I’ve been making the same journey to work on and off for almost 20 years. I leave our house, turning left up the road and then left again passing through the garages round the back and out onto the road which runs parallel to ours. I cross this road and then head down the service road behind the parade of shops. Down this road there is a small retail unit, which over the years has sold used cars, was empty for ages, but now is home to a car valet service which recently added a small coffee shop to the front.
At the other end of the road is the Scout Hut where I spent many a happy evening in my youth. At the pinnacle of my Scouting Career I was a Patrol Leader and gained the Chief Scout Award, which now seems a lifetime ago.

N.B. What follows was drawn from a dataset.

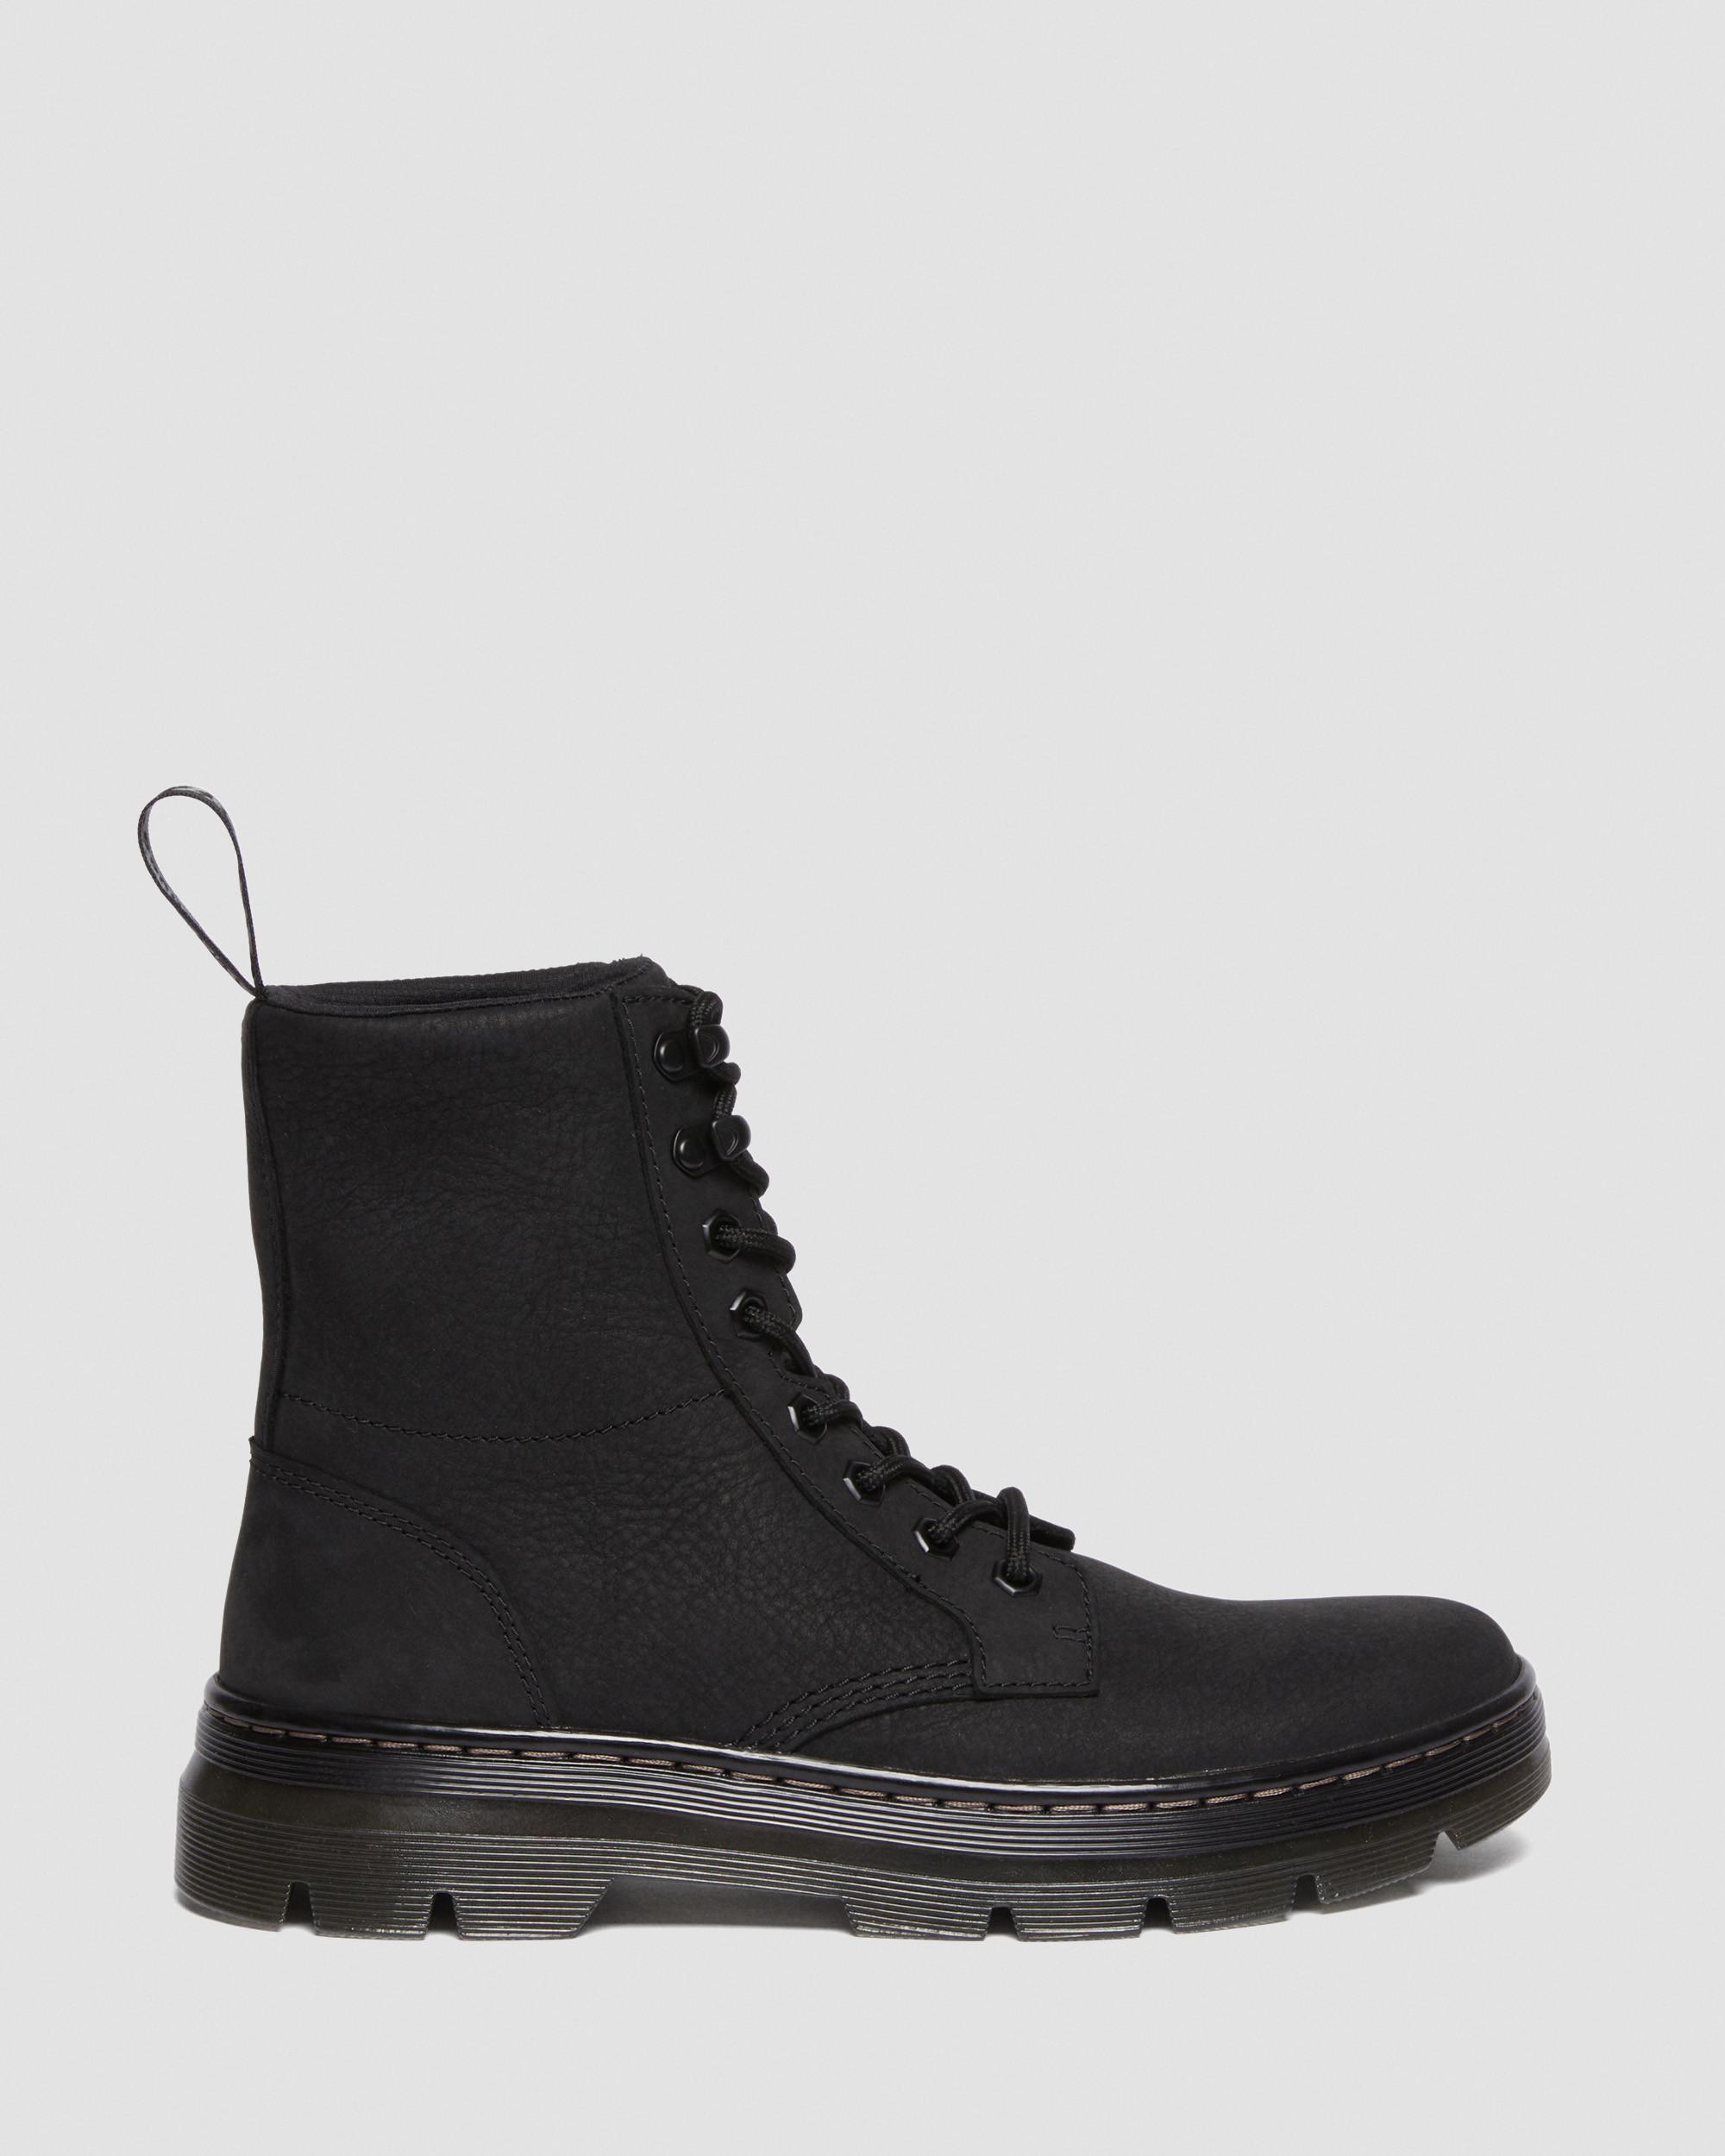 Combs Tech Milled Nubuck Utility Boots in Black | Dr. Martens

Having negotiated the puddles and mud in the community centre car park I continue down the footpath which passes the Primary School, which Junior briefly attended. The other end of this footpath enters a road of large Victorian houses and small cottages. Between two of the houses in a footpath which leads into a dead end road, where I used to deliver newspapers and this leads out to the shops and banks opposite the railway station. From there I have to dodge the morning cars and buses as they hurry to carry their passengers away to work. Once safely across the main road, it’s a short dash through the taxi rank and into the side gate of the station. Until about a year or so ago it was a straight run through the subway and onto the platform. Now however I have the additional task of fumbling around in my pocket for my season ticket and feeding it into the ticket barrier in the hope that I will be allowed passed to continue my journey by rail. Most days this works, but occasionally the gates don’t like the look of me and refuse to let me in.

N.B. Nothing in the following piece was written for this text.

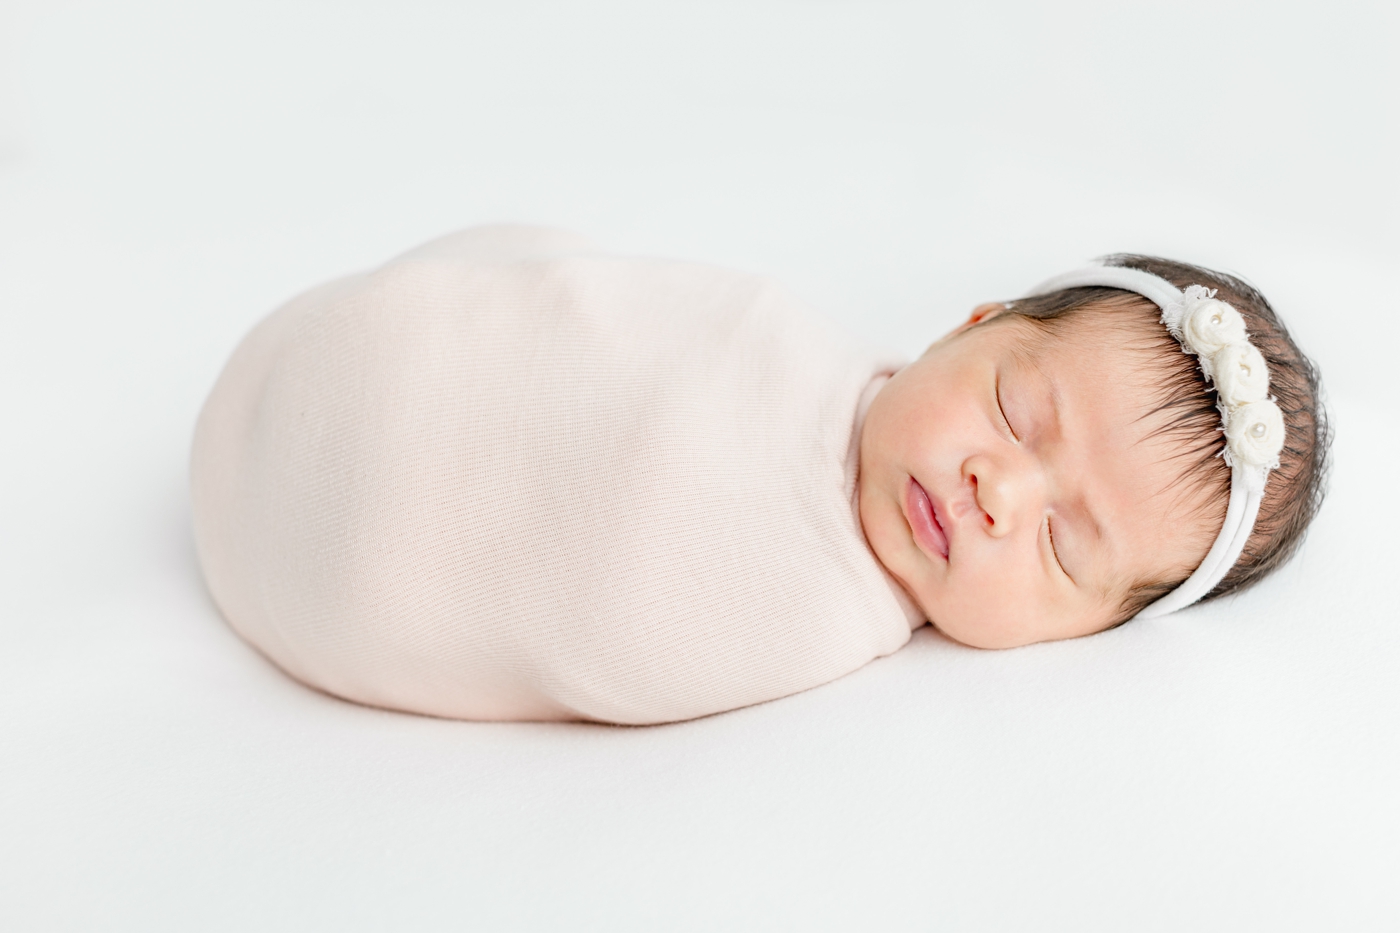 Sleeping baby in blush pink swaddle with white headband. Photo by Sana Ahmed Photography.

Over the years the train service to work has gradually improved to the point where, with careful planning, I am mostly able to sit down on the train. It wasn’t always like that. When I first started my commuting the trains were dirty, drafty affairs, with “Slam Doors”, windows that didn’t keep the rain out and electric motors which couldn’t cope with “The Wrong Kind of Snow”. Today we have become used to clean modern trains with automatic doors, no opening windows, air con and seats which were designed for anorexic midgets. The fares have also increased to a point where this year’s season ticket has broken the £2000 mark.
Once squeezed into my seat I usually read from my Kindle and then fall asleep. Usually I wake in time for my stop, but I have once slept through and ended up at London Bridge, instead of East Croydon, but that’s another story.